A Fife man has launched a petition to tackle anti-social behaviour in Lochgelly after his dog’s leg was cut open on broken glass.
Paul McGowan, 52, decided to take matters into his own hands to tackle issues in his local park after having to pay more than £700 in vet fees when his dog was injured by broken glass left behind by youths.
The petition, which has almost 100 signatures, requests the removal of a metal shelter in Lochgelly public park where young people gather at night.
The Lochgelly resident says anti-social behaviour has been an issue at the park for several years, with teenagers continuously stealing bins and setting them alight.
Paul believes the removal of the fixture will stop people smashing glass off the steel shelter and surrounding concrete.
Local residents ‘driven mad’
“These issues have been going on for more than five years,” said Paul.
“More recently it has started to get more hectic with a number of youths bussing in from Cardenden and Lochgelly.
“The local residents are driven mad with the amount of noise pollution, broken bottles, litter and they’re also stealing bins out of gardens and setting fire to them.
“When the issues have been raised with local councillors, it seems to be: ‘they’re just kids, let them do what they want.’
“I remember being a youngster myself, I don’t want to get rid of the youngsters but the ones who are coming to the park and underage drinking are smashing bottles and the litter and the mess that they leave is actually quite harmful.
“So much so that my dog was injured just over two weekends ago and it cost £725 to put him right.”
Paul said his dog suffered from a deep cut in his leg from broken glass left behind by youths in the park.
Paul added: “During the October holidays, there was about three different times I had to call the council in to clean up the park because of the mess and the glass.
“I live right next to the park and we take our dog out for a walk on a daily basis. It should be a park for everybody, not just for drunk teenagers at night.
‘Enough is enough’
“With my dog being hurt over two weekends ago I thought: ‘it’s time to get this resolved, enough is enough.’
“A couple of people on my petition have commented, with one woman noting that she’s sick of feeling intimidated when walking in the park during the evening.”
Lochgelly councillor Linda Erskine said the issue has not gone unnoticed and attempts have been made to tackle anti-social behaviour in the past.
She said: “Whether the shelter is there or not, my concern would be that it wouldn’t discourage the way they’ve been behaving at the moment.
“The glass has been across grass as well, it’s awful.
“Youngsters were embedding them [broken bottles] in the football pitch and had the ragged glass sitting up so you can image what that could have done if someone playing football had fallen on it.
“I would be distressed if my dog had been hurt with the glass and other people reported the same kind of distressing things where dogs have had their paws cut and they’ve had to get emergency treatment.
“I’m really interested to see how his petition goes, I would expect a lot of people will sign it in favour of getting rid of it but it’s not that it has not been thought of already, it has been discussed previously by the council.”

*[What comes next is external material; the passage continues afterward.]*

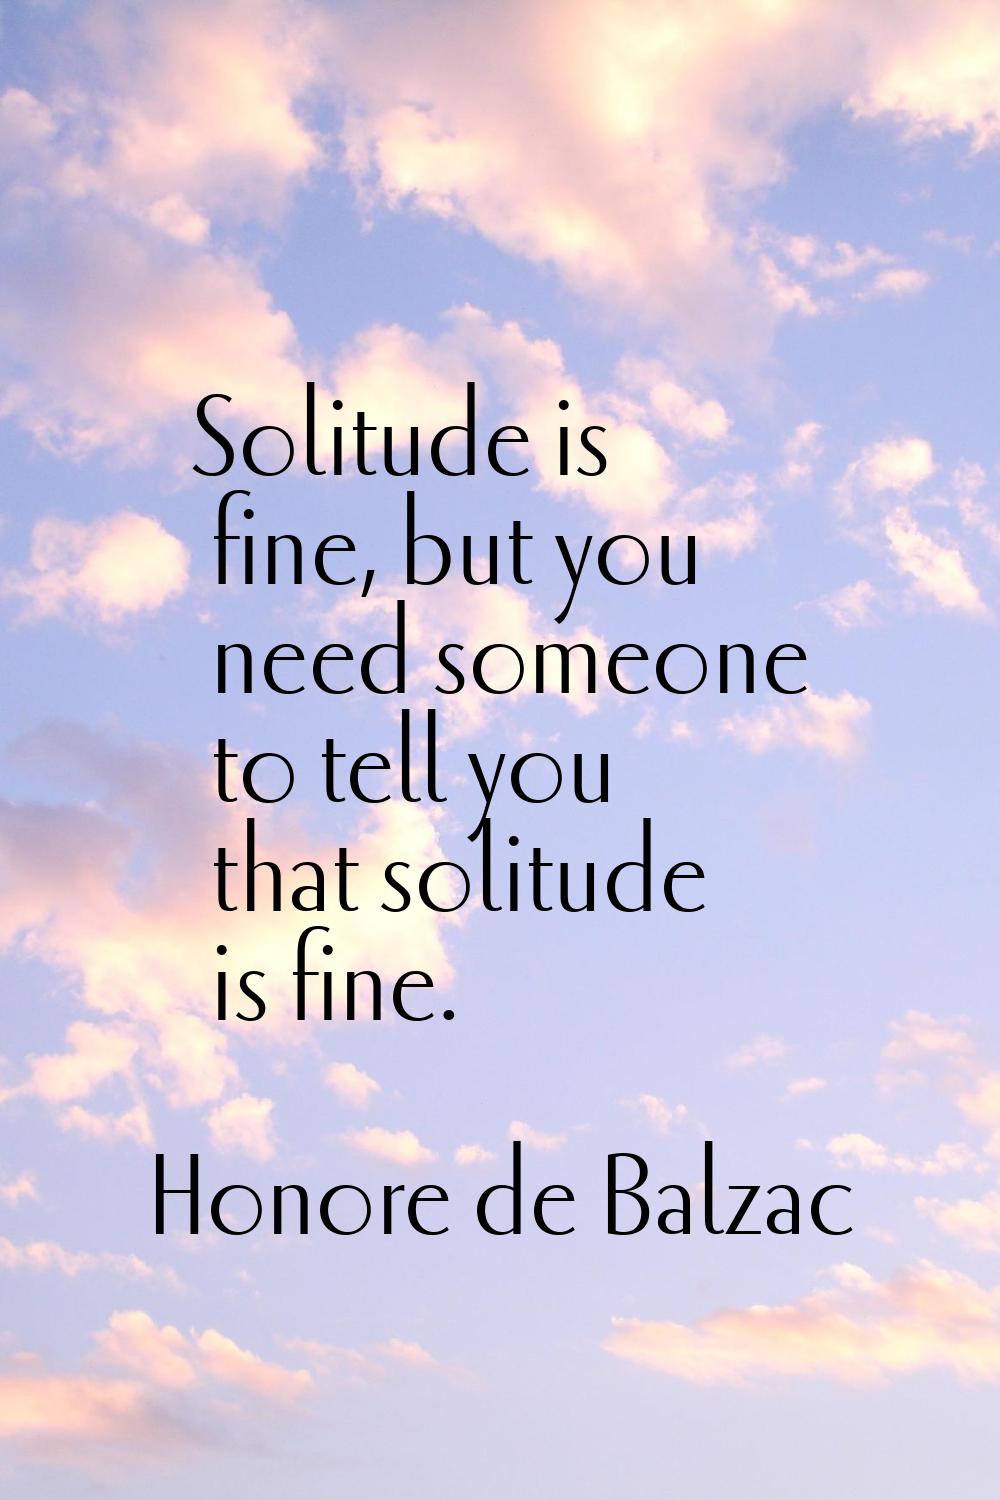 Solitude is fine, but you need someone to tell you that solitude is fine.
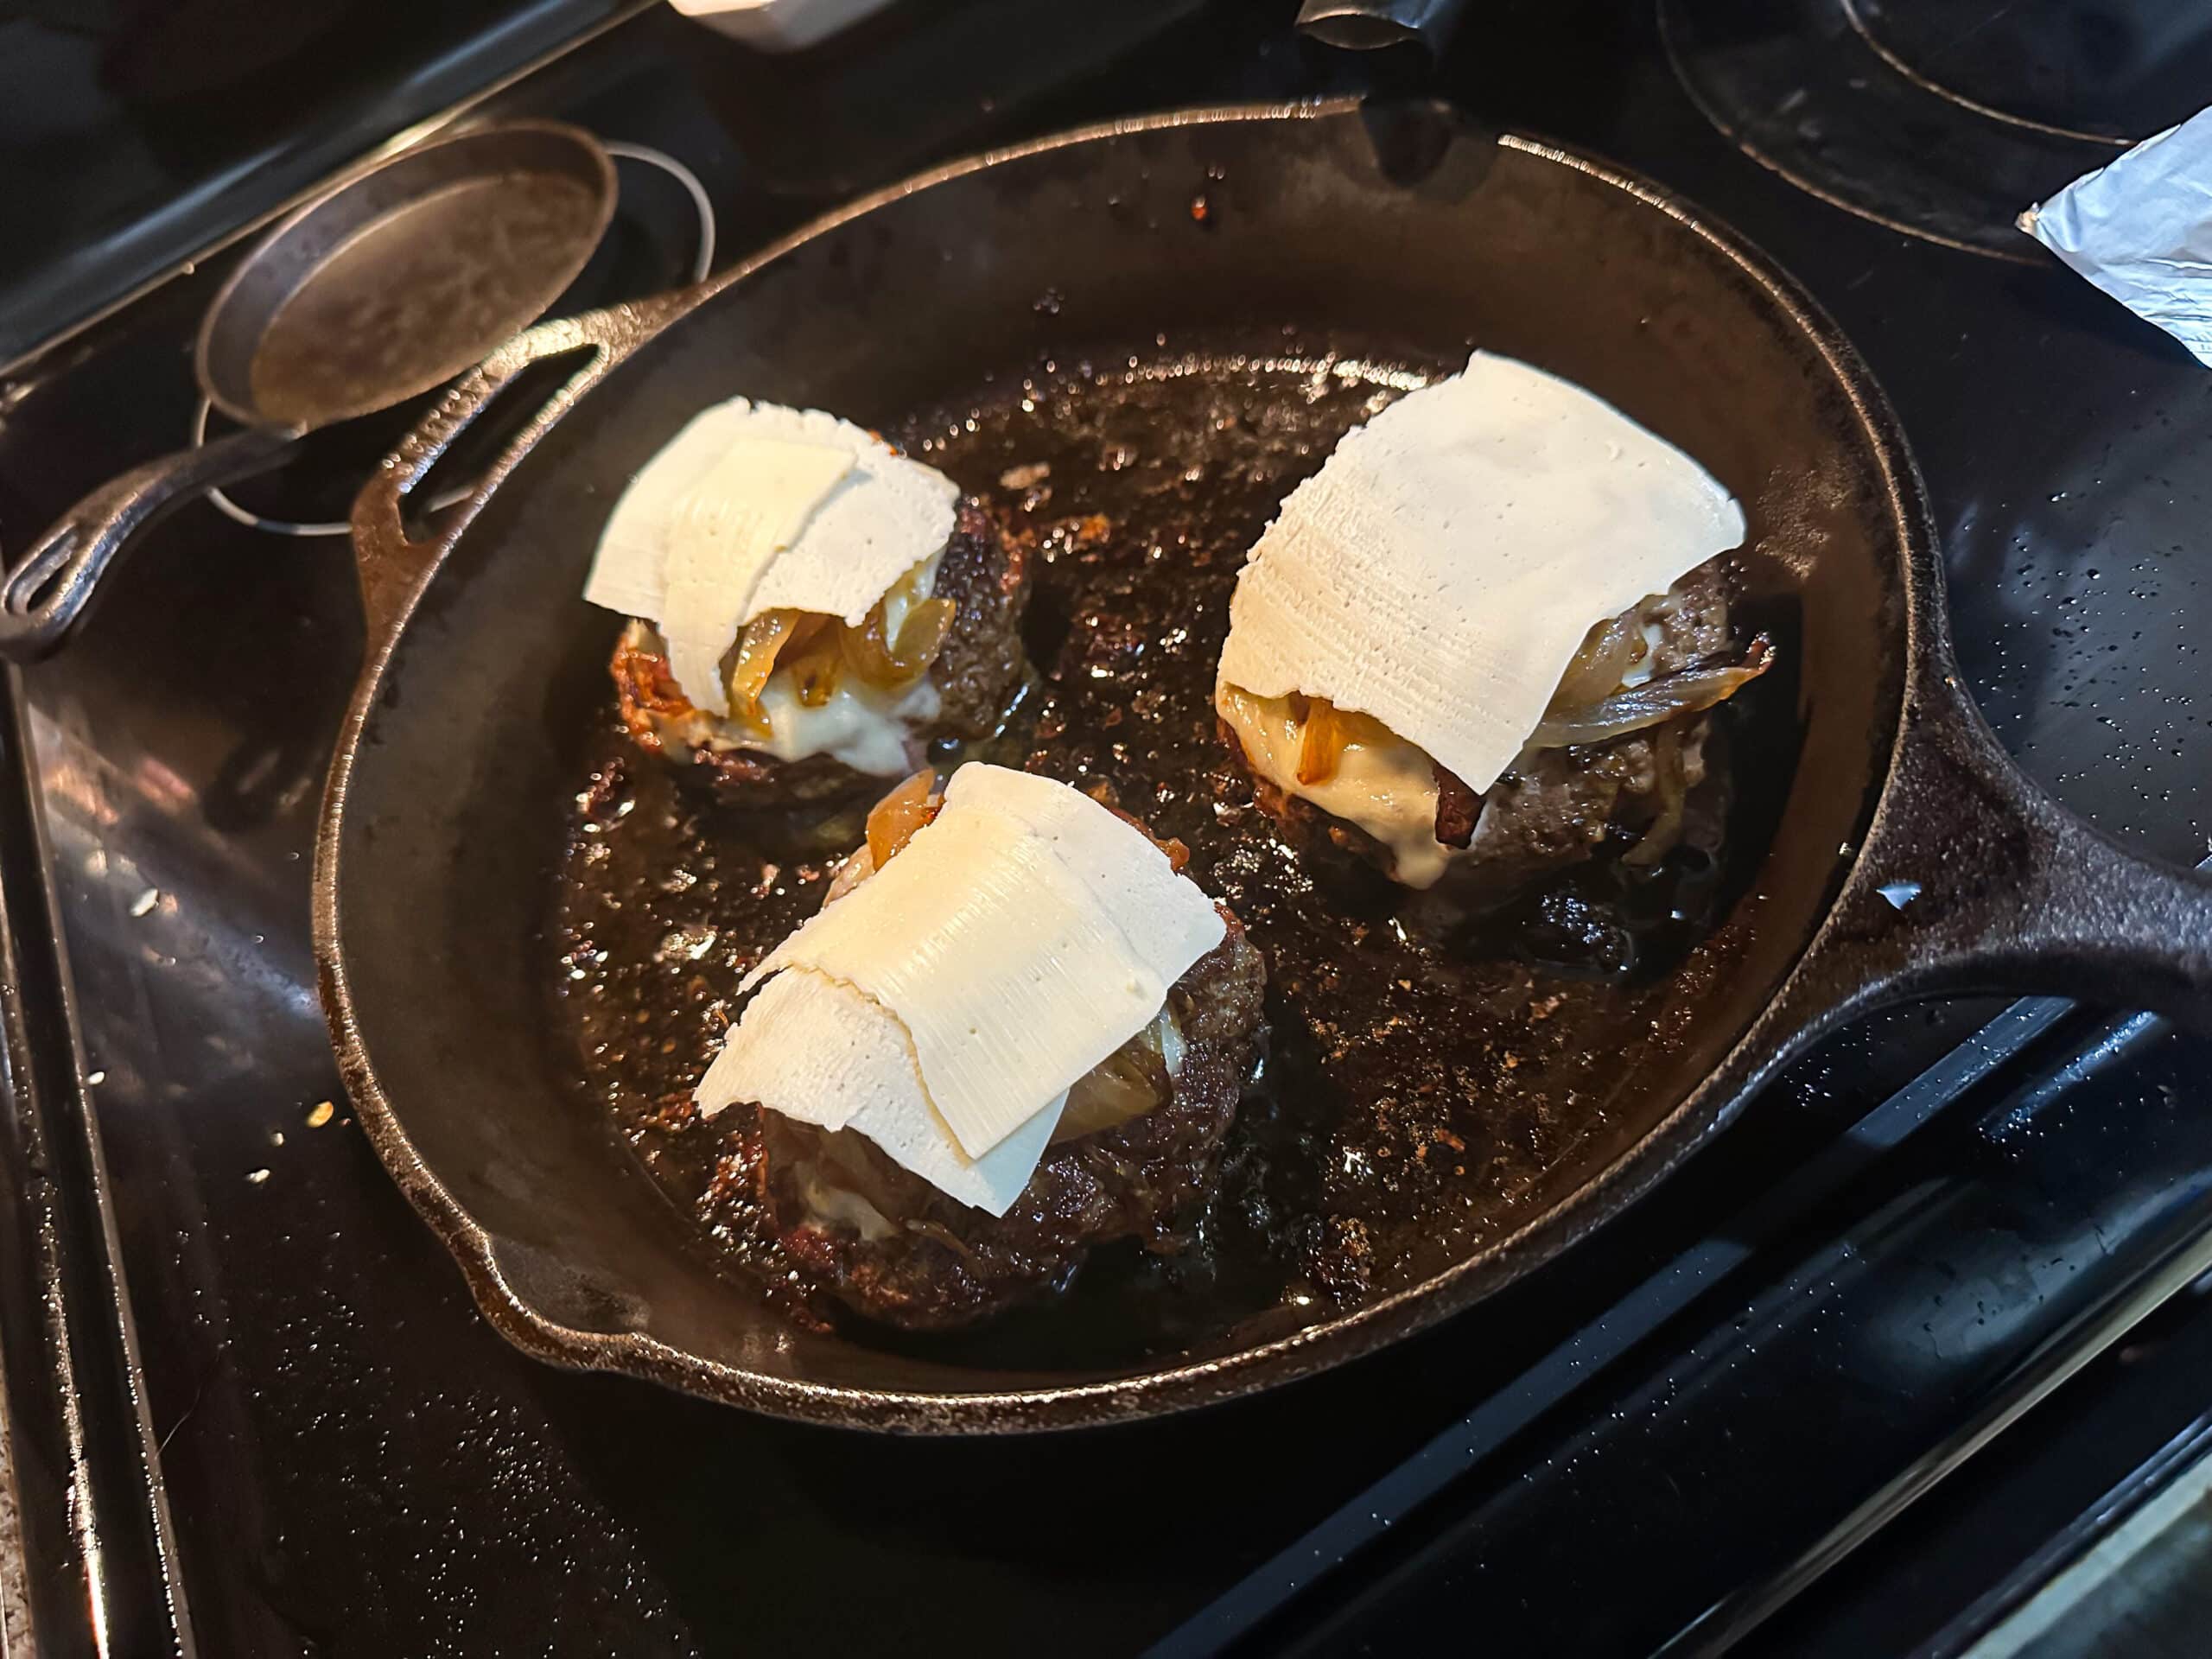 Butter Burgers with caramelized onions and cheese

Local views welcome by council
Fife Council community manager Sarah Roxburgh said the local authority is considering better lighting and increased police patrols.
“We are aware of local concerns about anti-social behaviour in the park and we’re working with councillors and partners including the police to encourage more responsible behaviour from young people using the park,” she added.
“We will always welcome local views and opinions and, if petitions are submitted, they will be discussed at a future meeting of the area committee.”
‘Do not suffer in silence’
Police in Fife confirmed they are aware of reports of anti-social behaviour in the area and encouraged locals to report any incidents.
Inspector Gavin Cameron said: “We are aware of reports of anti-social behaviour in Lochgelly and no one should tolerate this kind of behaviour, it is unacceptable and hurts communities.
“Please do not suffer in silence. If you are victim of or witness to this type of behaviour then report it to the police, whether by calling 101 or speaking with local police officers.
“Where it is clear to us that there is a particular issue in a particular area, we will devote the appropriate resources, along with our partners to try to alleviate the problem.
“Such actions are directly influenced by what the public tells us.”
‘Needless drain on emergency services’
Mark Bryce, the Scottish Fire and Rescue Service’s Local Senior Officer for Stirling, said: “Deliberate fires have the potential to cause injury and even death or cause devastating damage to our environment and properties.
“They are a needless drain on emergency service resources at a difficult time.
“Our firefighters and community action teams have been and will continue to work extremely hard to engage with the public and promote safety messages.
“We also ask parents, guardians, and carers to help by making sure that children and young people are aware of the risks and consequences of deliberate fire setting.
“We welcome the ongoing support of our local communities and business owners – and by following all of our safety guidance in relation to the safe storage of refuse, everyone can help to reduce the risk of fire.”